There are many other ways to accomplish what you're talking about. The biggest problem with your made-up examples is that they are just cases of "bad reporting."
I used it extensively for the development of different trading bots and algorithms. They say you need to be a real hotshot at maths to make it in that field. Little do they know that this world will soon belong to script-kiddies and hackers! Here's one of my favorites from them, this will rearrange any complex equation and make anything you like the subject:
Ugh recipe-book statistics! This might be useful but not to programmers. No-one should be applying any of the more complex formulas on this page without a good basic grounding in the theory, which is something nearly all programmers will lack (and fair enough). The best place for programmers to start is understanding the basics of likelihood functions, maximum likelihood estimation, Bayes rule and likelihood ratio tests. Then look at e.g. the derivation of the chi-squared test statistic as an approximation to a likelihood ratio test of multinomial distributions to get a sense of where all the mysterious formulas of classical statistics come from.
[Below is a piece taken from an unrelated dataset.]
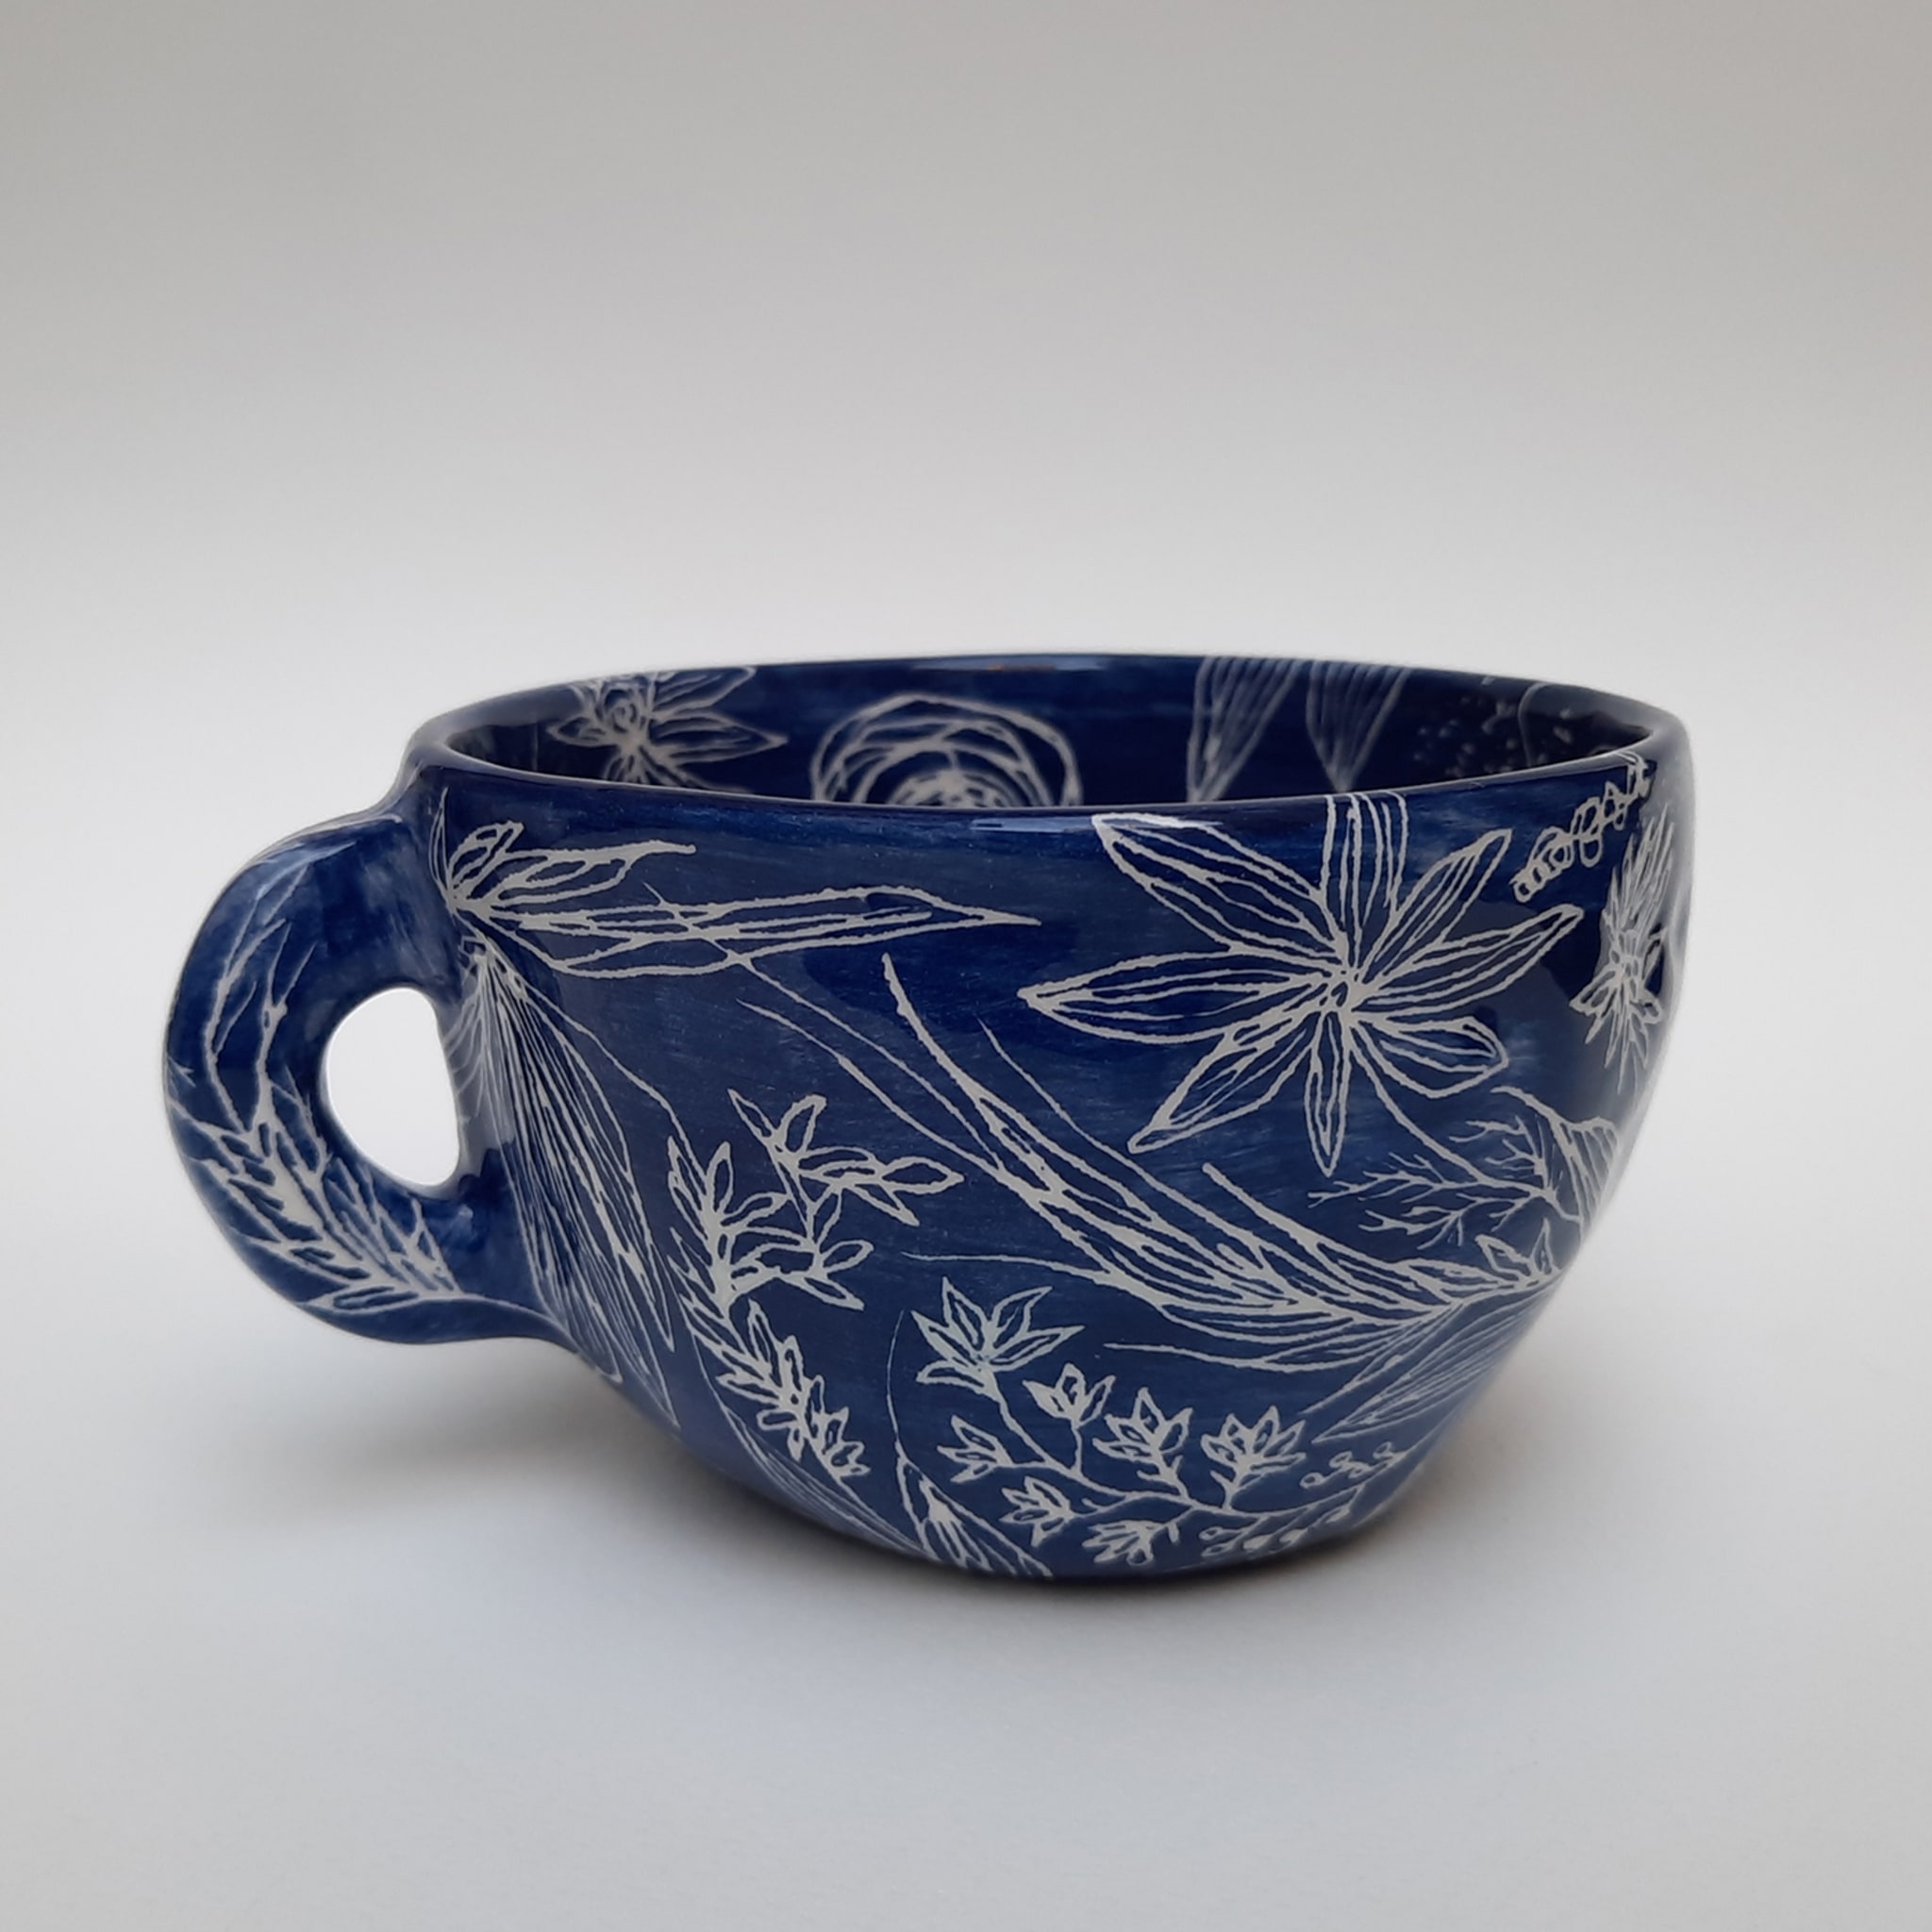 Ricamo Floral Blue Teacup - Alternative view 1

Maybe this solidifies the fact that I'm a programmer and not a statistician, but I got lost after the 2nd hyperbole in the beginning...but I like a challenge, I may have to read it multiple times until your presentation sinks in though :)
Great blog! I wish there was a cookbook style code with eac formula. In C or even JavaScript for those of us who have forgotten a lot of math but can think in code.
The current selection on that page is somewhat limited, but I hope to grow it over time. The stuff at the beginning is pretty basic (e.g. standard deviation), but things get pretty gnarly by the time you get to the Kiefer equation. At some point I'll add some more references on how to implement things, e.g. find successive zeros of Bessel equations. For now it should be a good jumping-off point. Enjoy!